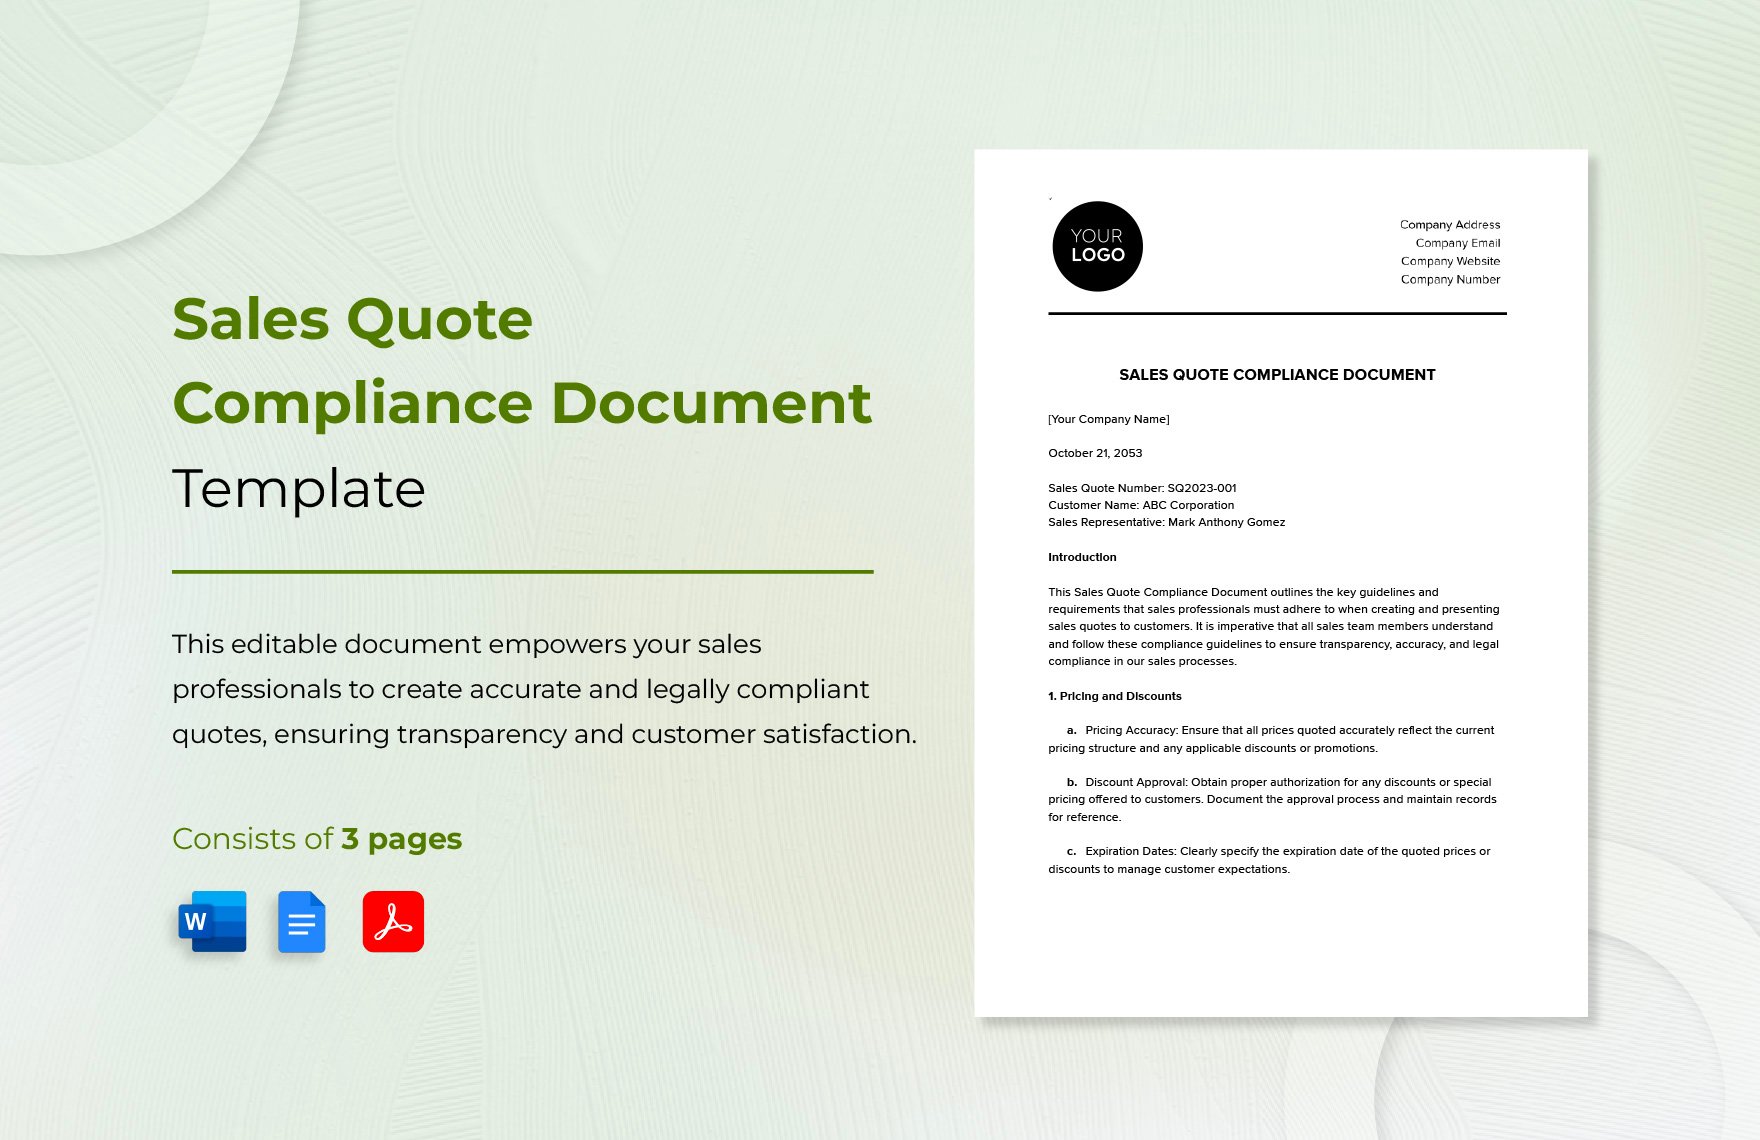 Sales Quote Compliance Document Template in Word, Google Docs, PDF
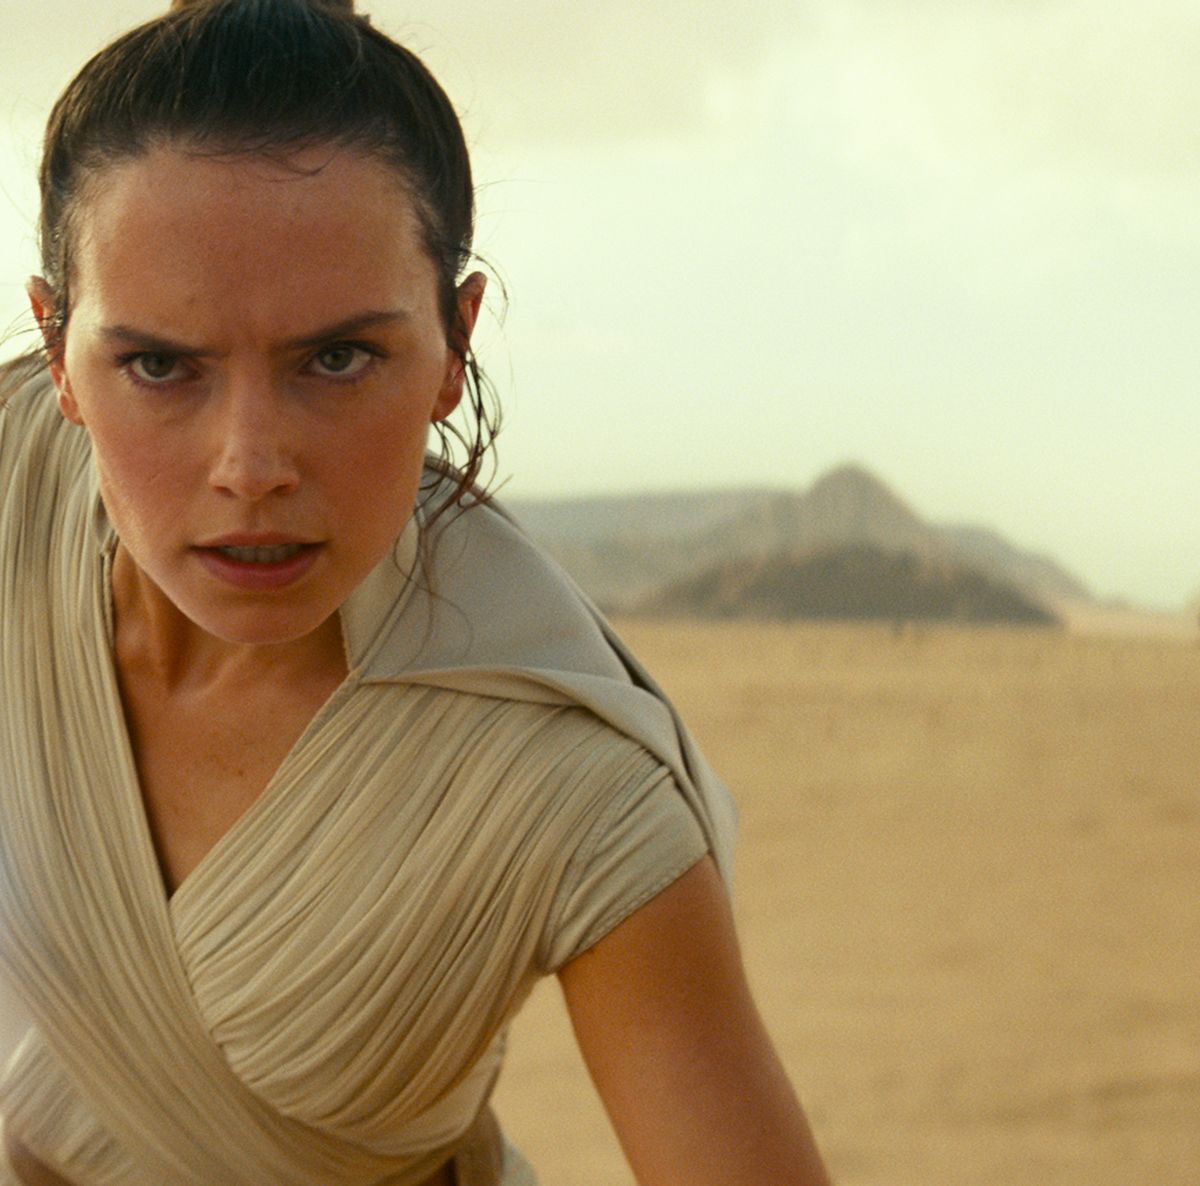 3 New Star Wars Movies Rumored to Get Announced Very Soon
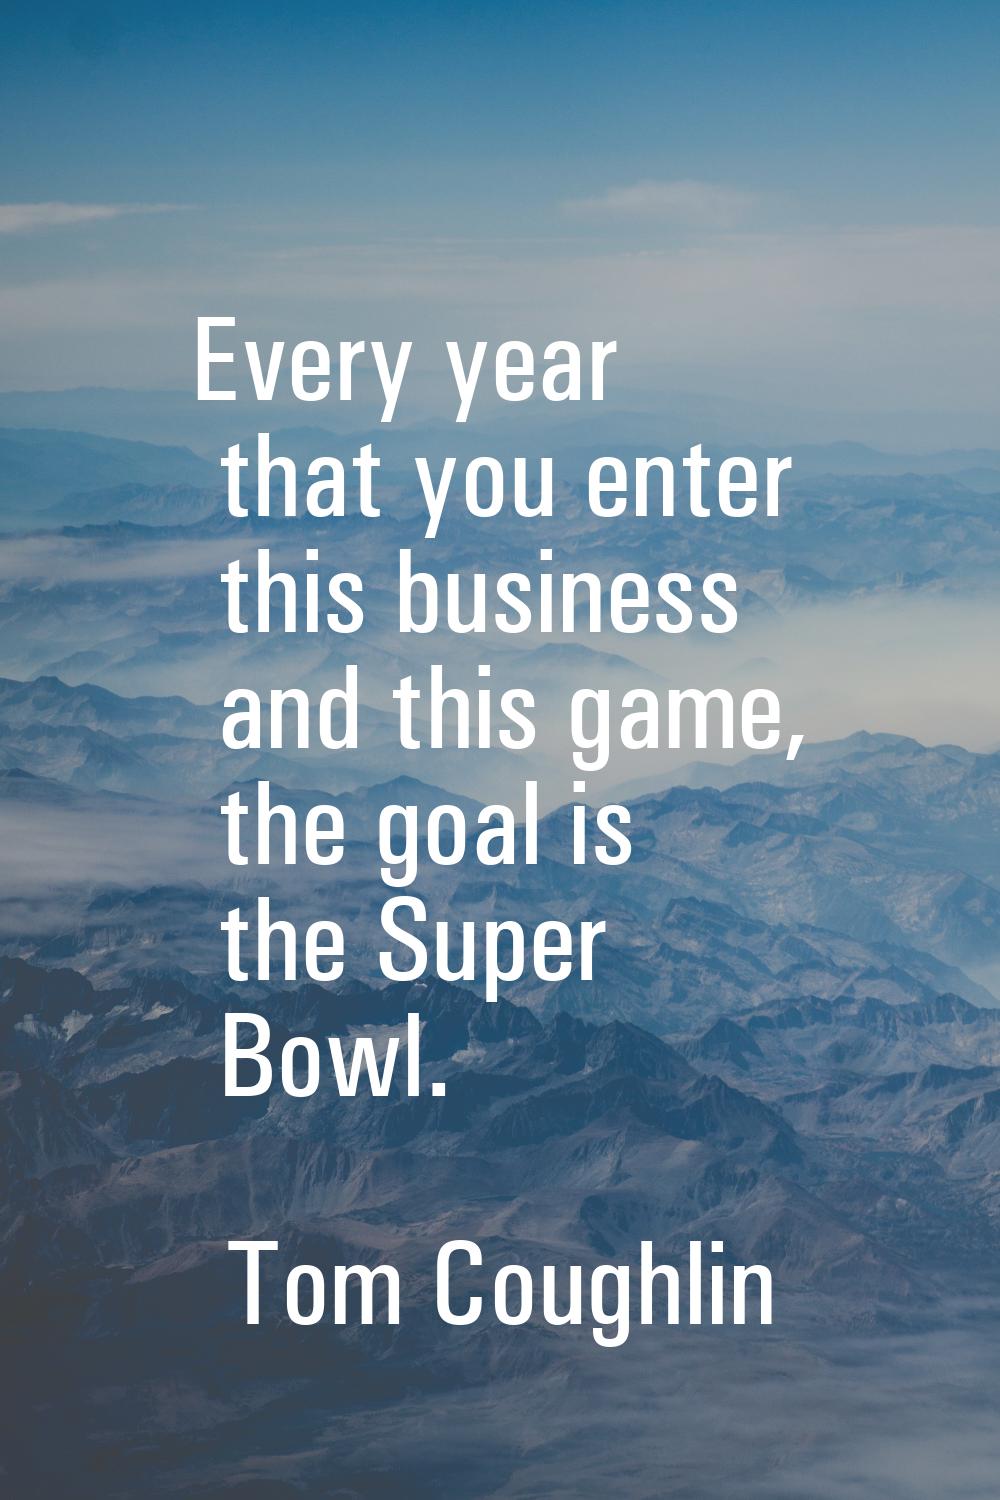 Every year that you enter this business and this game, the goal is the Super Bowl.
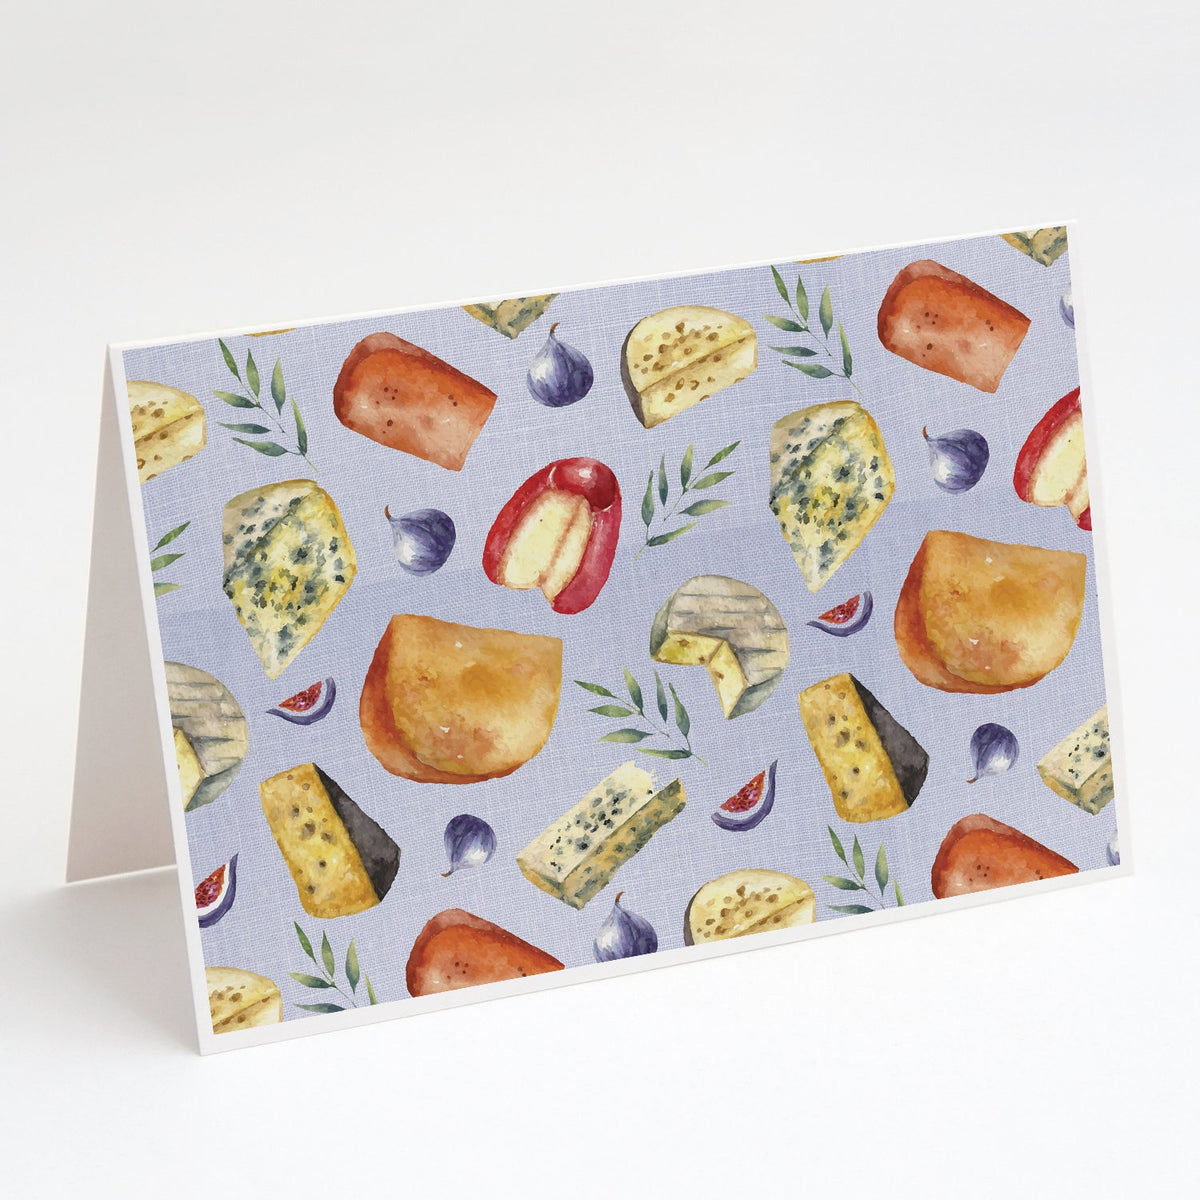 Buy this Assortment of Cheeses Greeting Cards and Envelopes Pack of 8
════
Pictures stay out; all other material above is restated word for word.

 Sales Quote Compliance Document Template in Word, Google Docs, PDF
 3 New Star Wars Movies Rumored to Get Announced Very Soon
 Every year that you enter this business and this game, the goal is the Super Bowl.
 Buy this Assortment of Cheeses Greeting Cards and Envelopes Pack of 8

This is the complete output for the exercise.